CNH interest rates head for convergence after HKMA ruling

CNH FX forwards rose this week as traders and investors sought to close the arbitrage between offshore Chinese renminbi deposit rates and the implied interest rates being priced into forward contracts, following a relaxation of rules by the Hong Kong Monetary Authority last week.

One-month CNH forwards moved into positive territory, compared with -4/-5 last week, after the HKMA allowed netting of open positions in deliverable CNH forwards. Positions are limited to 10% of a bank’s overall CNH assets or liabilities, whichever is larger.

Banks are able to place CNH on deposit with the Bank of China’s Hong Kong branch at a rate of about 0.5%. However, offshore banks with units in Hong Kong are faced with constraints in transferring customer deposits because this consumes their internal money market lines.

At the same time, banks have been faced with an insatiable demand from investors to own CNH-denominated assets, based on the view that the Chinese currency will continue to appreciate, while there is a limited supply of available instruments to invest in, because the CNH-denominated bond and equity markets are in the early stages of their development.

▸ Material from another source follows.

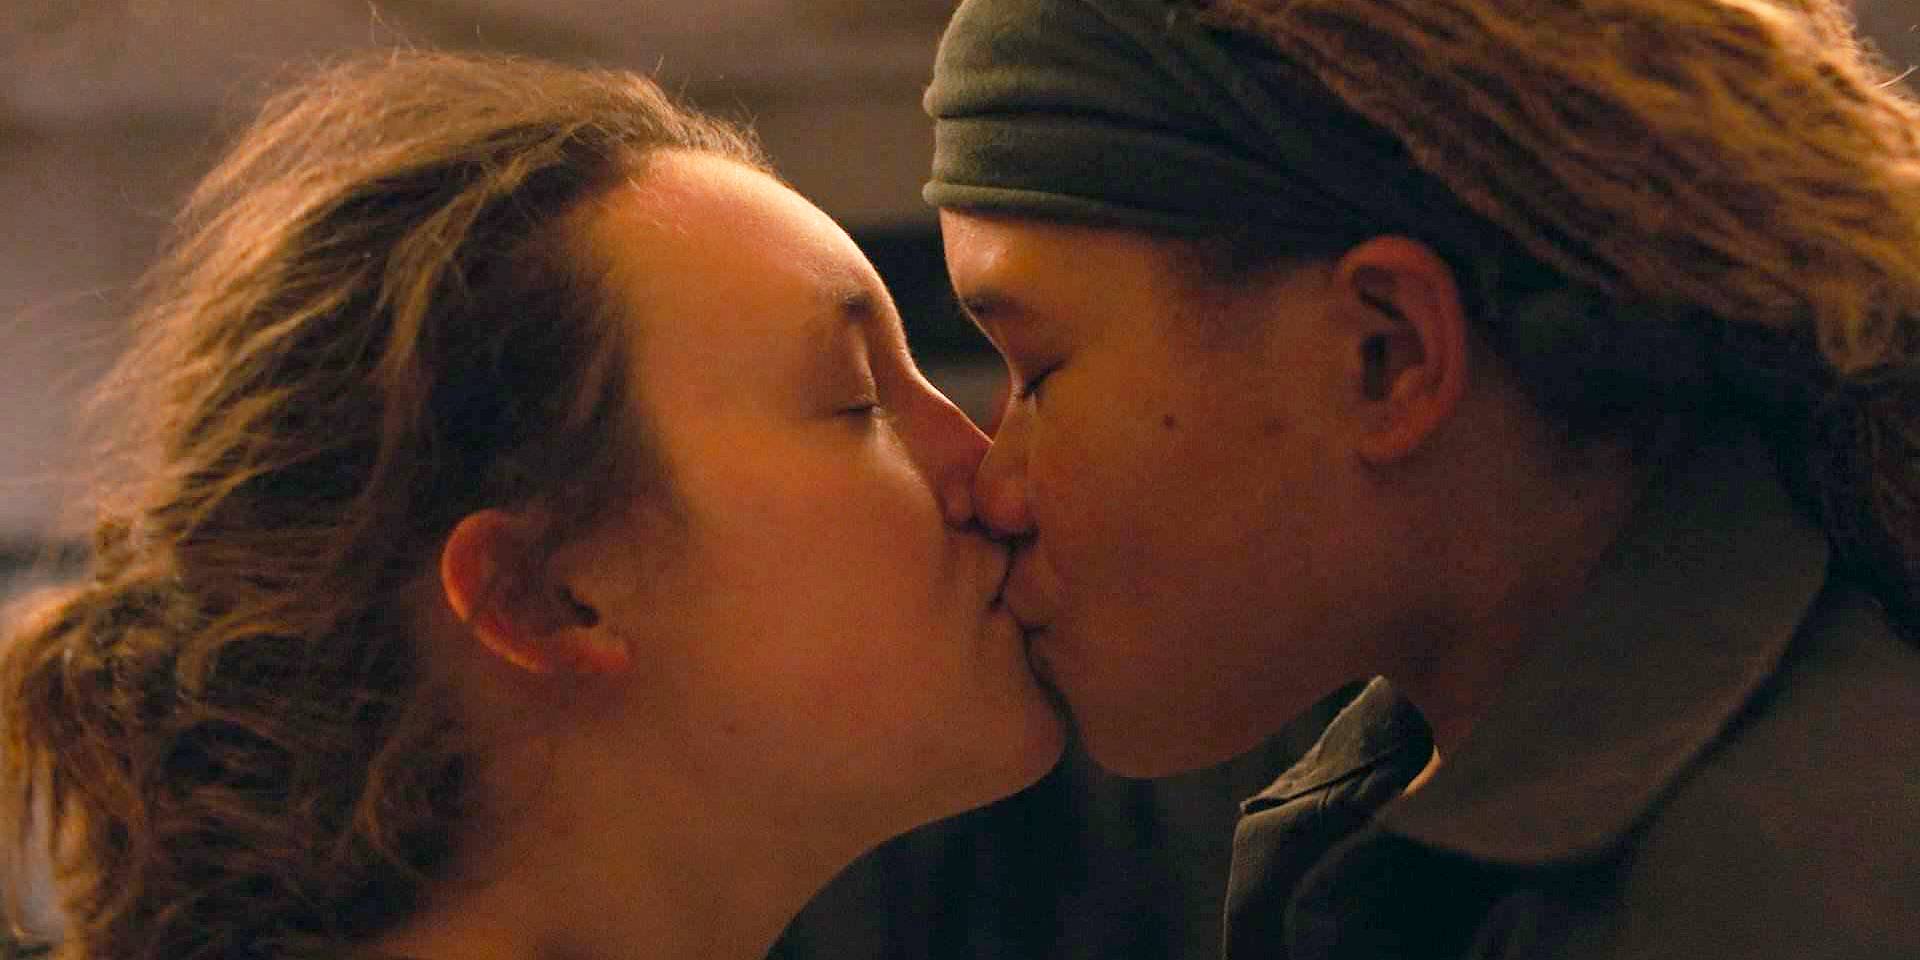 Bella ramsey lesbian movie

“In the past, when the market sold spot CNH, investors had two choices. They could either use the money market limit to deposit it and get some basis points, or roll it forward in the CNH forward market,” says a chief non-deliverable-forward trader at a UK-based bank.

The large build-up of CNH balances, the limited capacity on money market lines for deposits and restrictions on open positions in the forward market meant that the forwards began to price in an implied negative yield, because banks would be forced to clear their forward positions to stay within the 10% limit.

The decision by the HKMA to allow netting now means that the CNH forward market is likely to begin pricing like a conventional market, where the forward points reflect the interest-rate differential between CNH interest rates and US rates. Price action suggests that this is already happening.

“Eventually, once the full detail is known, we should see [as with all interest-rate markets] the FX curve implied interest rate move in line with the differential in rates between dollars and CNH,” says another NDF trader.